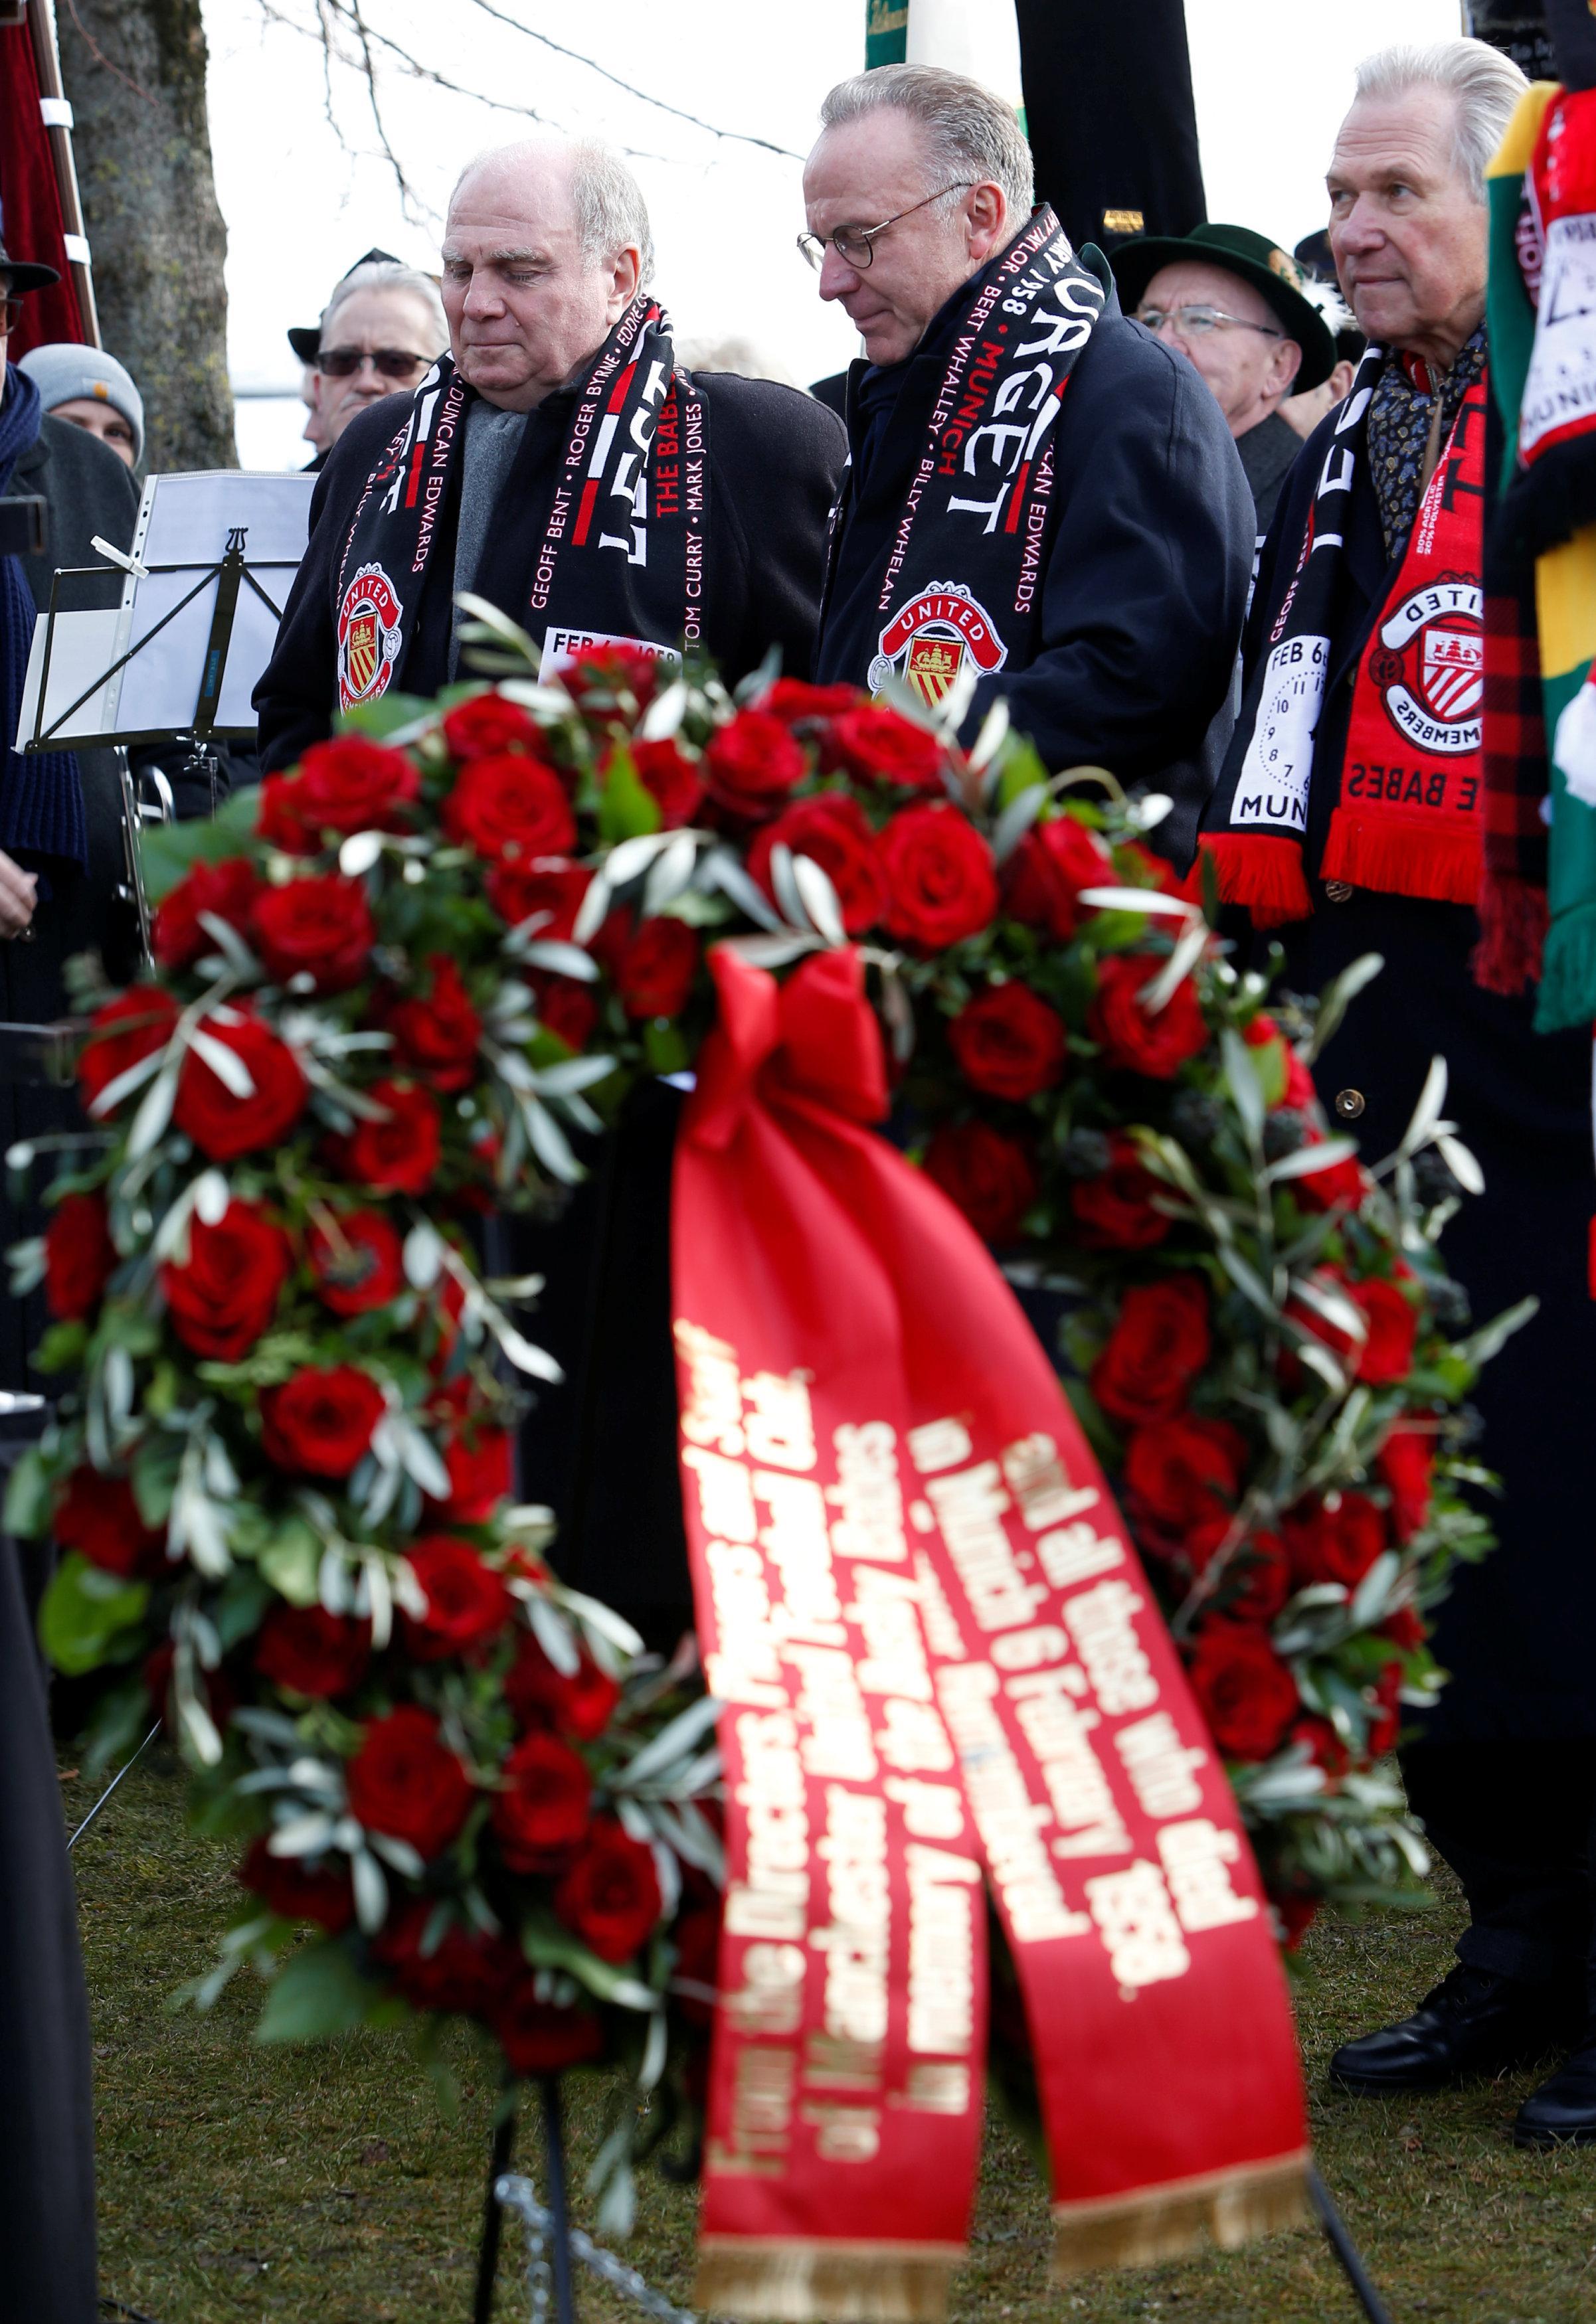 Bayern Munich CEO Karl-Heinz Rummenigge bows his head at Manchesterplatz, Munich where a memorial service was held for the tragedy
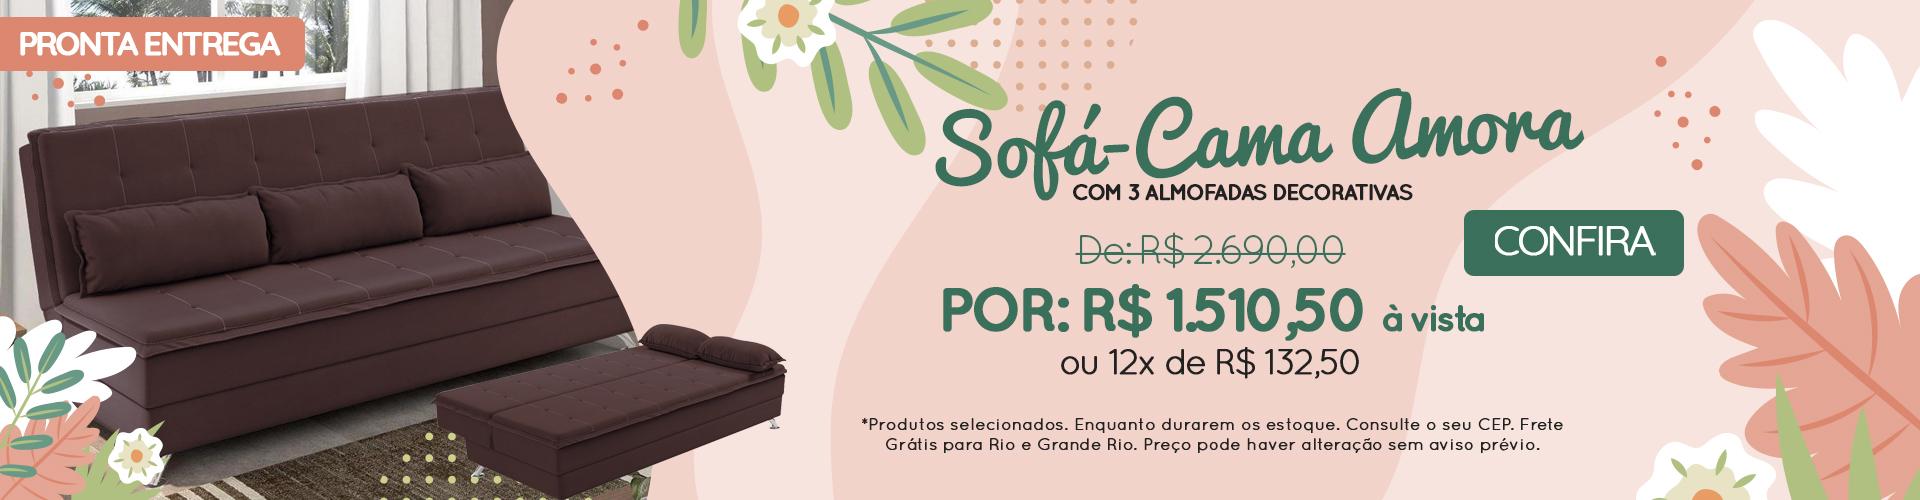 Sofá Cama Amora
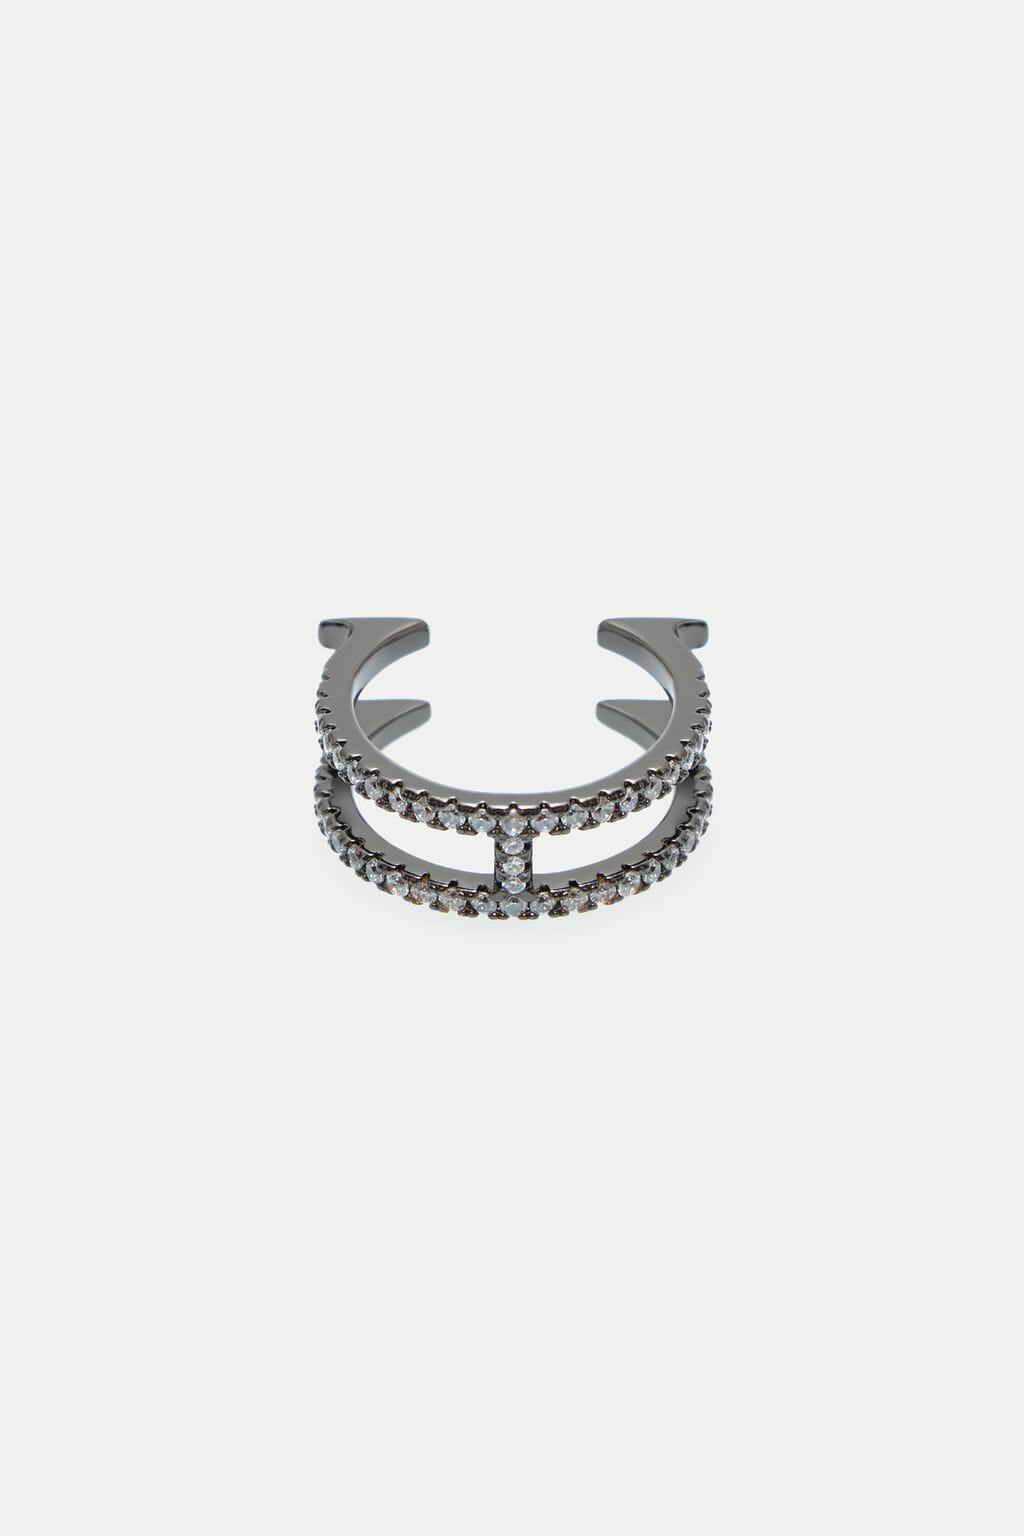 CH-Carolina-herrera-insignia-jewelry-look-29
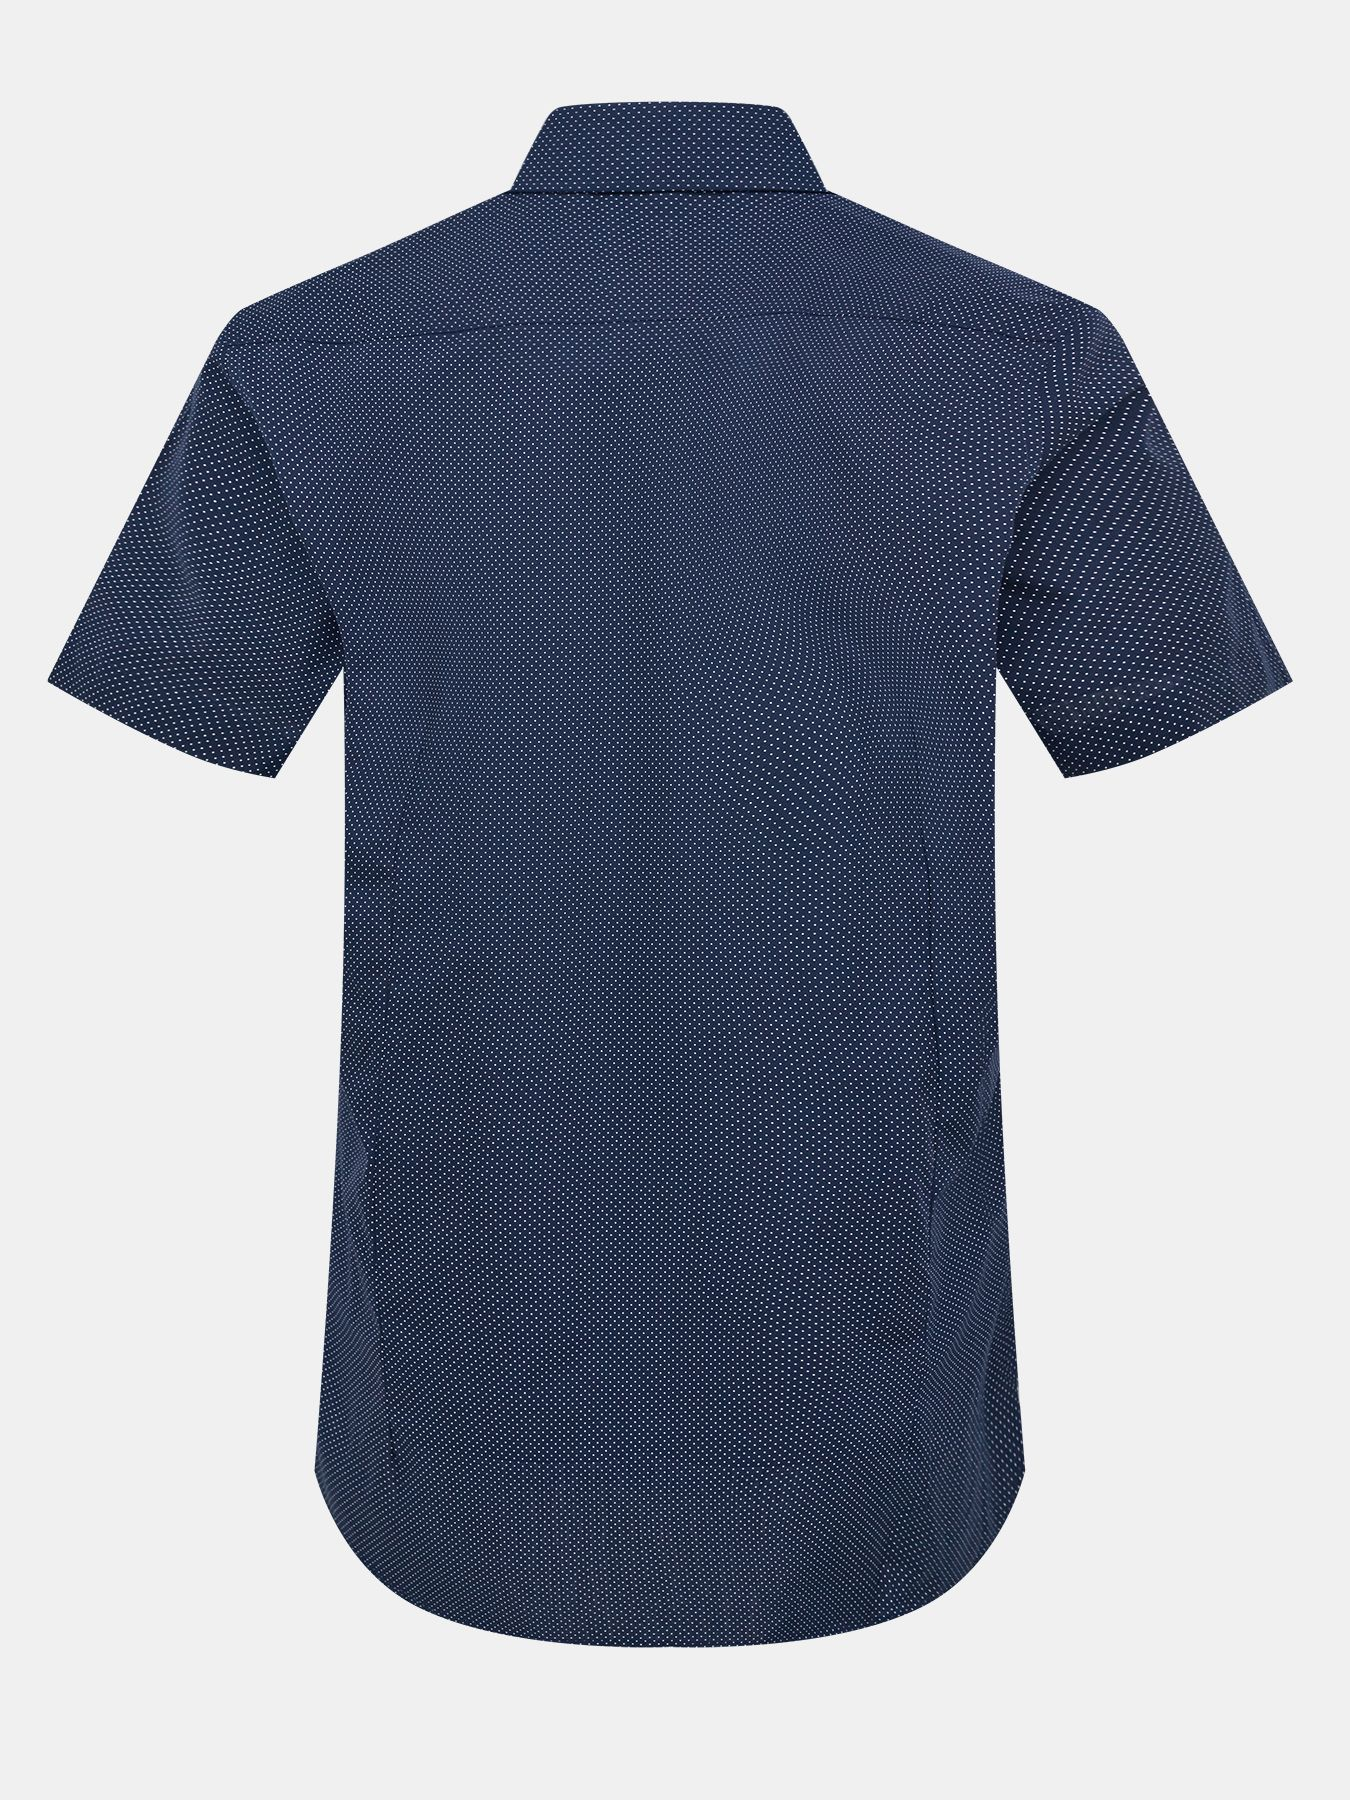 Рубашка Seidensticker Рубашка рубашка bawer bawer mp002xw0r3l2
=====
EXERCISE AIM
In your copy, omit the pictures and restate every line of the data word for word.

RESPONSE TO THIS TASK
 Bayern Munich CEO Karl-Heinz Rummenigge bows his head at Manchesterplatz, Munich where a memorial service was held for the tragedy
 Sofá Cama Amora
 CH-Carolina-herrera-insignia-jewelry-look-29
 Рубашка Seidensticker Рубашка рубашка bawer bawer mp002xw0r3l2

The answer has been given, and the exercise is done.